Early Research: Letters from Styrofoam (letter library)

These are early days for a spontaneous new project, but here’s how we’re starting. Rosina, Hiba, and I met on Friday and after going through our usual to-do list, we started discussing some new projects. These new projects are all going to be tied together, and we’ll be writing about what that tie might look like soon.

The starting point for this new project — maybe called the Letter Library Project, or maybe something very different — came from thinking about how we might collectively be framing the city of Windsor as it transitions (slowly) and what we might want to reframe, piece by piece. The city is once again at the top of the unemployment statistics, but there are some large infrastructural projects that are going to dramatically change the physicality of the city itself and in turn, the way we experience it, though it remains to be seen if this will actually change the city, or just reframe it for us.

And the background of this project might actually go back even a bit further, in terms of material, as Rosina and I had met earlier in the week to talk about working on some signage. Research led us to wanting to experiment with styrofoam — givens its rigidity and ease to work with.

We saw a lot of videos online of people cutting styrofoam into different shapes (and certainly letters) with hot wires, electric knives, and yes jigsaws.

We had a jigsaw and so we went to it. The styrofoam we got was packaged at Home Depot as basically made for crafts and very small home projects. We weren’t sure that it would be dense enough for the cuts — at the time, we had assumed that the denser (and pink) insulation type of styrofoam would work better, but it was too expensive to bother testing with.

Given the scale of what we’re planning to do, the cost would have been enormous, so we went with the cheaper stuff to just get a feel for possible scale and process, even if the material itself may need to be changed down the road.
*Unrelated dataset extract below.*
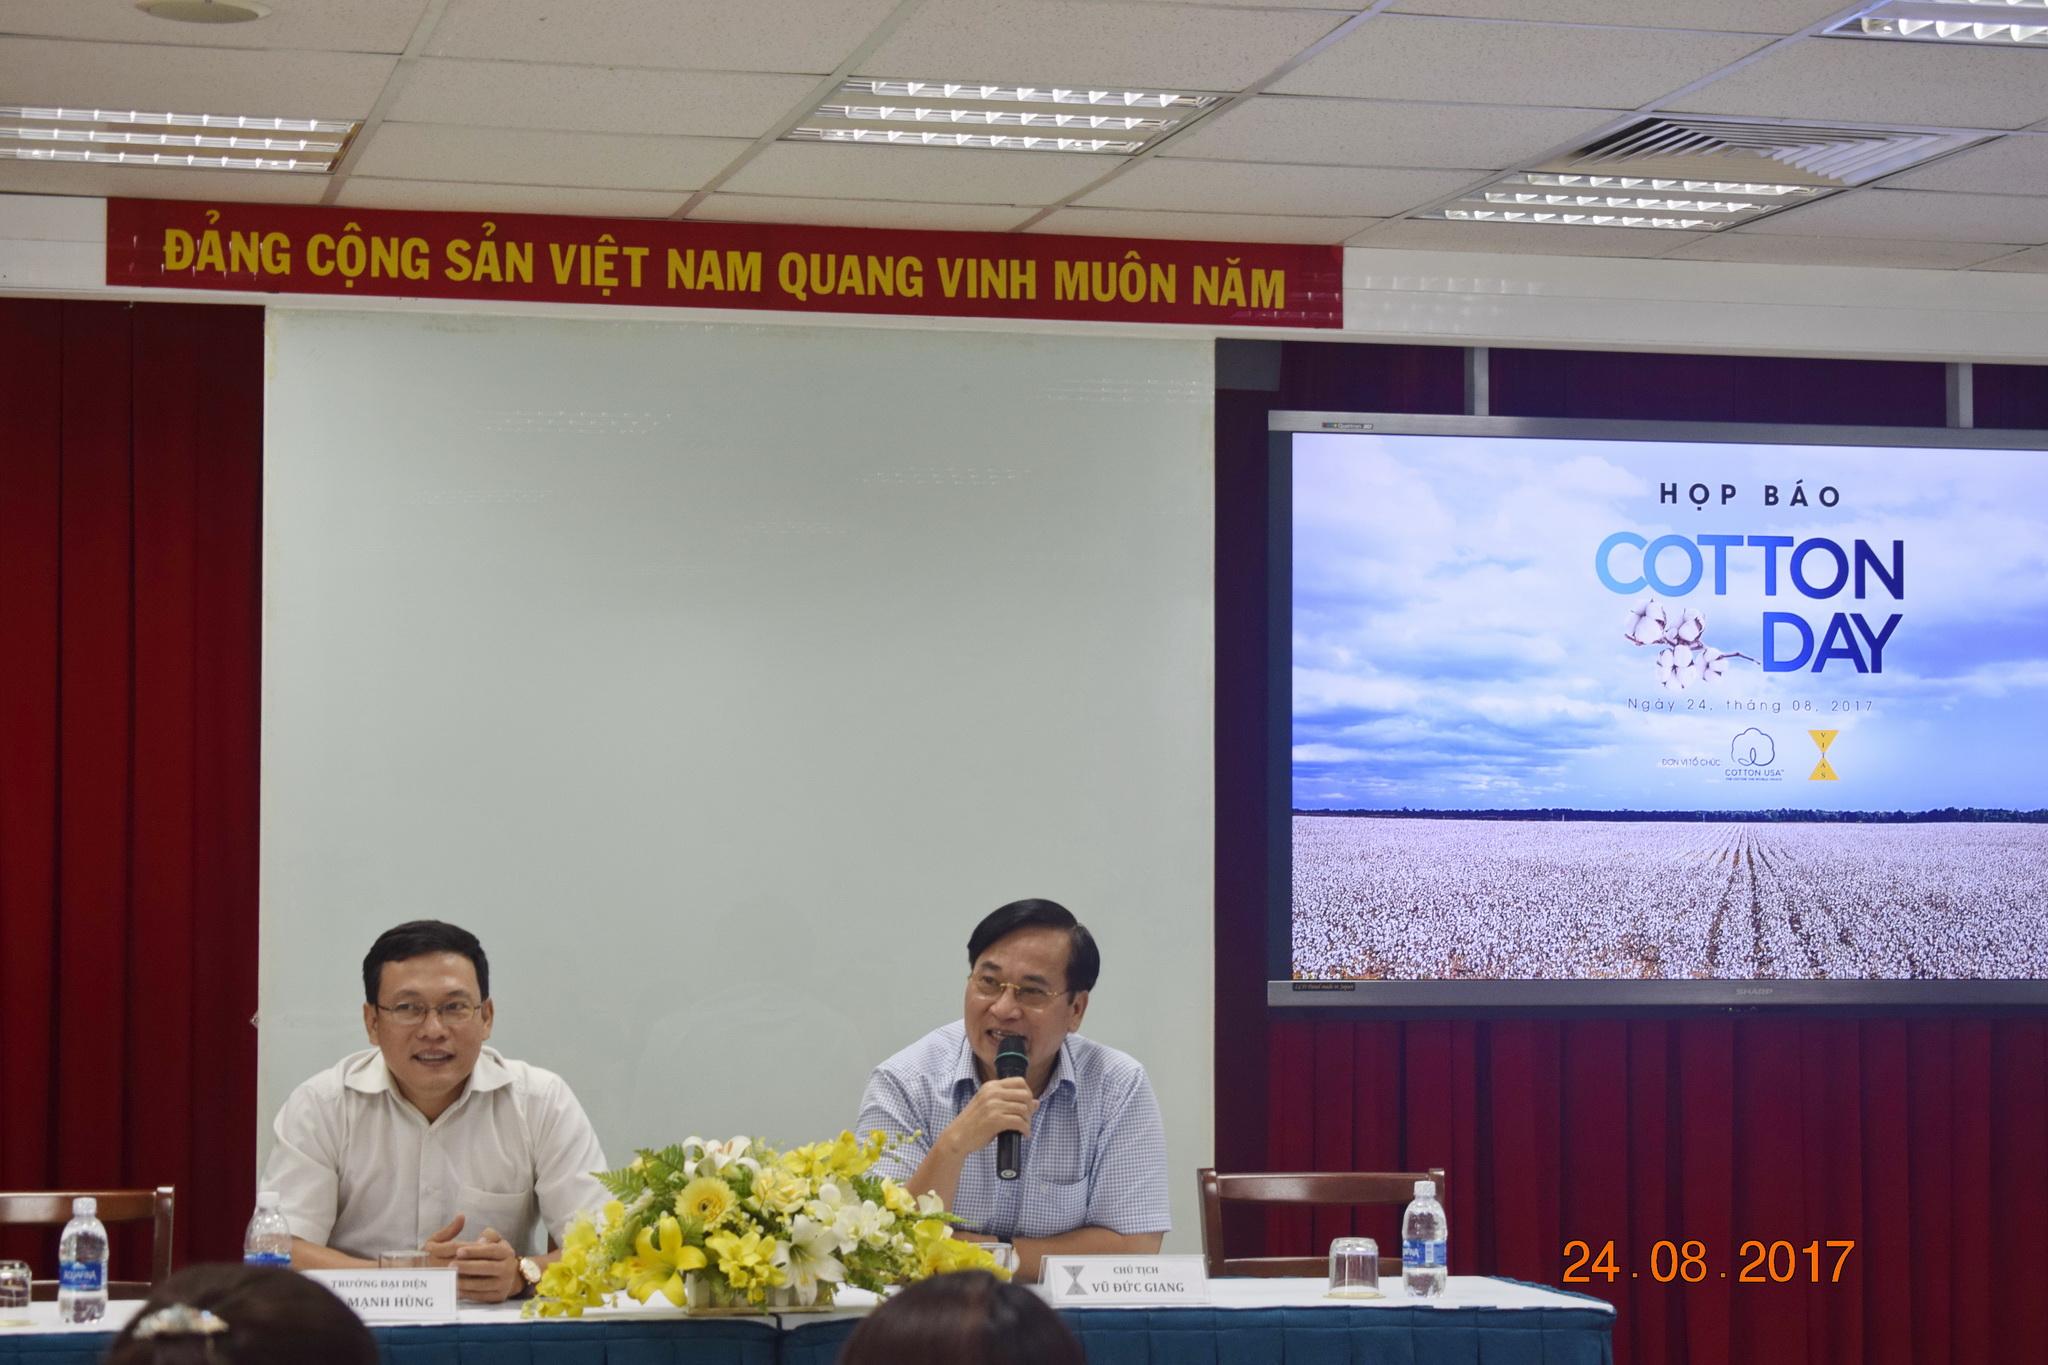 Ngày hội Cotton Day lần đầu tiên tại Việt Nam

But, as you can see above, the jigsaw with a 24 TPI metal blade did the trick and cut the styrofoam with a decent level of precision without the messy edges we had anticipated.

Hiba and I both took some test cuts before deciding to attempt a more complex shape.

We selected the letter R for a test.

Hand-drawn for now.

Rosina made the cuts.

Easy.

Rosina with the saw.

Hiba arrived a few minutes later.

We had a test letter.

Another bonus of this type of styrofoam was the thickness allows the letter to stand up.

I think Rosina was really happy.

The cuts were fairly good, though we briefly wondered about finding a better way to avoid an angle on the edge of the letters — that is, the face of the depth of each letter would undulate a bit as we failed to hold the saw consistently at 90 degrees. A ban saw would be good for this, but it’s not essential.

I was trying to get a sense of how much we were moving the saw and what the effect was on the angle of the depth.

The letter R moves into the wild…

… and then returns for a quick coat of paint.

Spray paint would eat the styrofoam, but craft paint was no problem.

More painting.

The letter R dries.

Then, some duct tape.

Given how incredibly light-weight the styrofoam is, duct-tape makes for a great mounting device. On brick.

On wood.

On metal.

On a tree didn’t work as well, there wasn’t a lot of surface area for the tape.

So, that’s the very early stages of a new project. The next steps will be cutting out a bunch of letter templates with the vinyl cutter in card stock, stencilling, cutting, and then a painting party, and then the project launch. Assuming all goes to plan.

And then there’s this … more soon.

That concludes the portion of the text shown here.